Singh told a panel convened by the Teaching Regulation Agency last month to review his conduct that he doesn’t oppose Jews or Judaism, arguing that he was provoked and his statements taken out of context.

While apologizing for his comments, he also claimed that they were only “directed at the actions of the Israeli Government” and were impulsively made in “an attempt to defend the Palestinians,” the panel detailed in its report of his case.

The panel subsequently “accepted that Mr Singh is not anti-Semitic,” after giving the evidence “careful and detailed consideration, and having explored this in detail with Mr Singh during his oral testimony.”

It accepted that Singh was “deeply affected” by social media posts he saw relating to Israel and the Palestinians, and that he “got carried away as a result of being upset and angry about what he saw and the comments and posts he read.”

The panel did, however, acknowledge that his comments “were serious, offensive, racist, and demonstrative of a lack of tolerance and respect for the beliefs of others.” It expressed concern that while Singh might now understand the impact of his comments, he had at first tried to explain them.
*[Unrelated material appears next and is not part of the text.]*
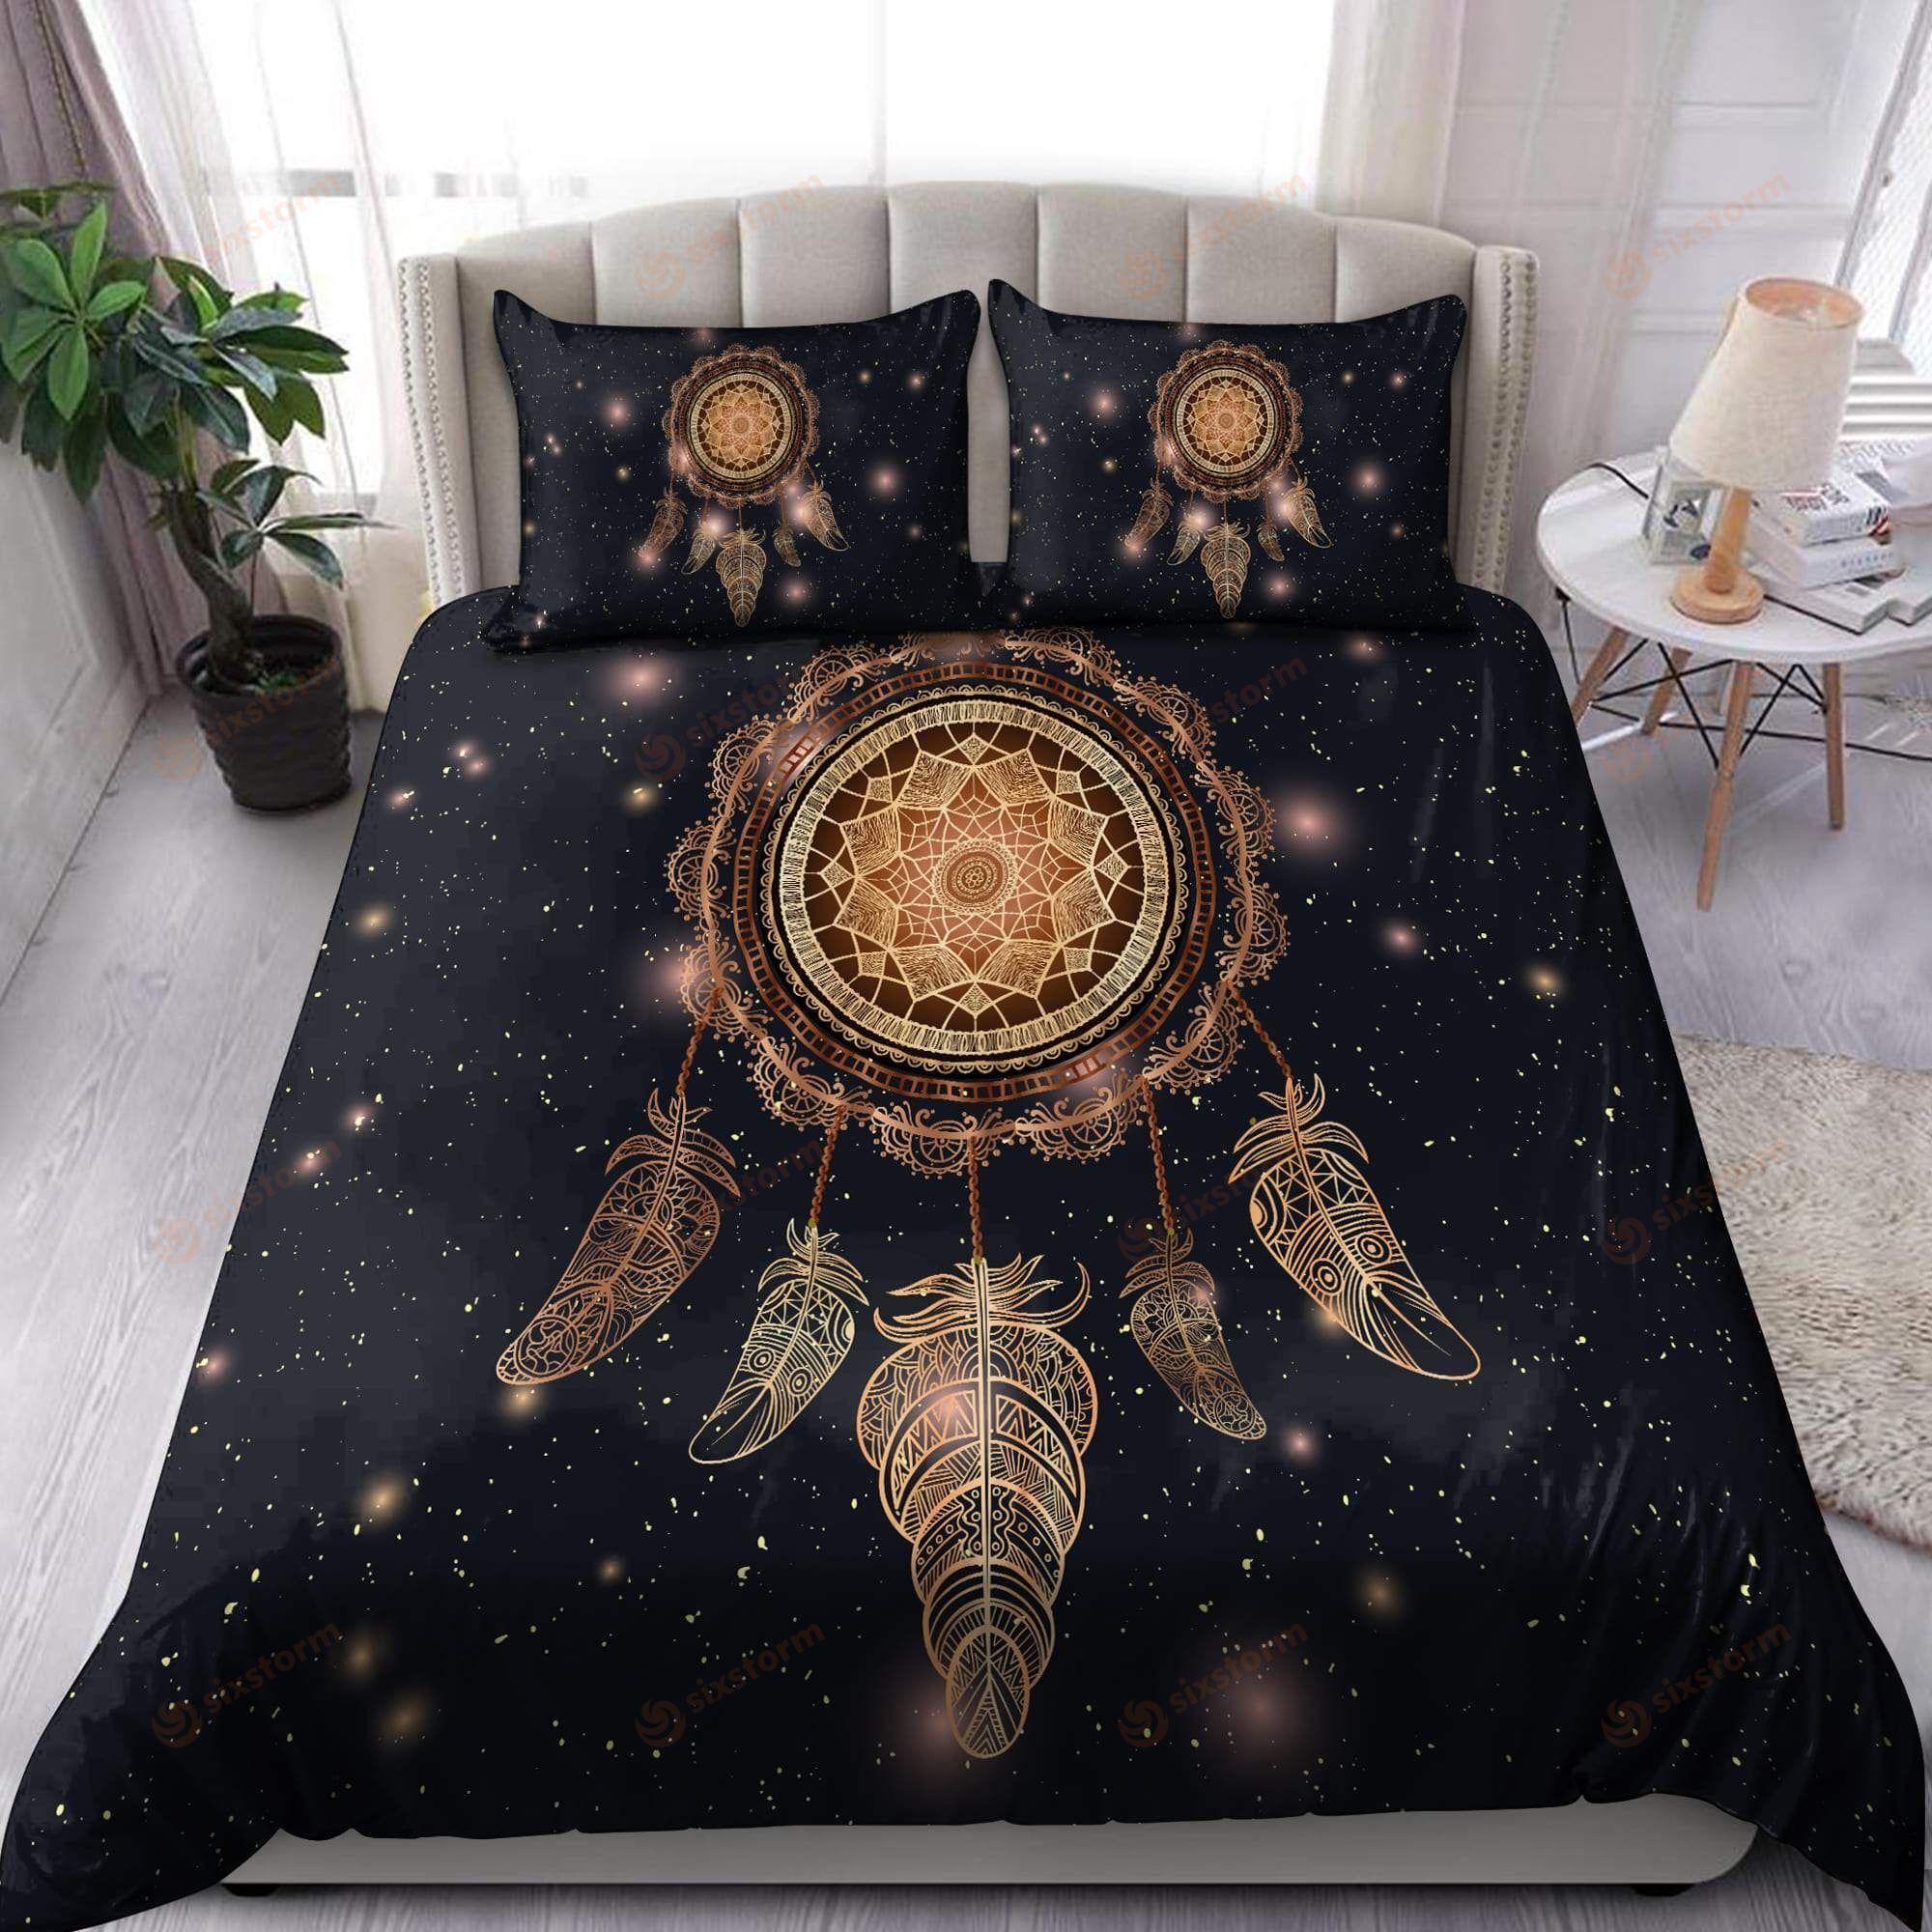 Native American Dreamcatcher Night Bedding Sets

Singh was also found to have given the password to his school laptop to an individual who “admitted to accessing sexual material” on it, and to have browsed the internet for alcohol and properties for sale during class time.

Finding that Singh had failed to uphold the standards expected of teachers, the panel recommended that he be immediately banned from teaching. Yet it agreed that a review may be undertaken in three years, citing witness statements praising his teaching and noting that there was “a strong public interest in returning a good Maths teacher to the profession.”

The panel’s decision was executed by Alan Meyrick, chief executive of the Teaching Regulation Agency.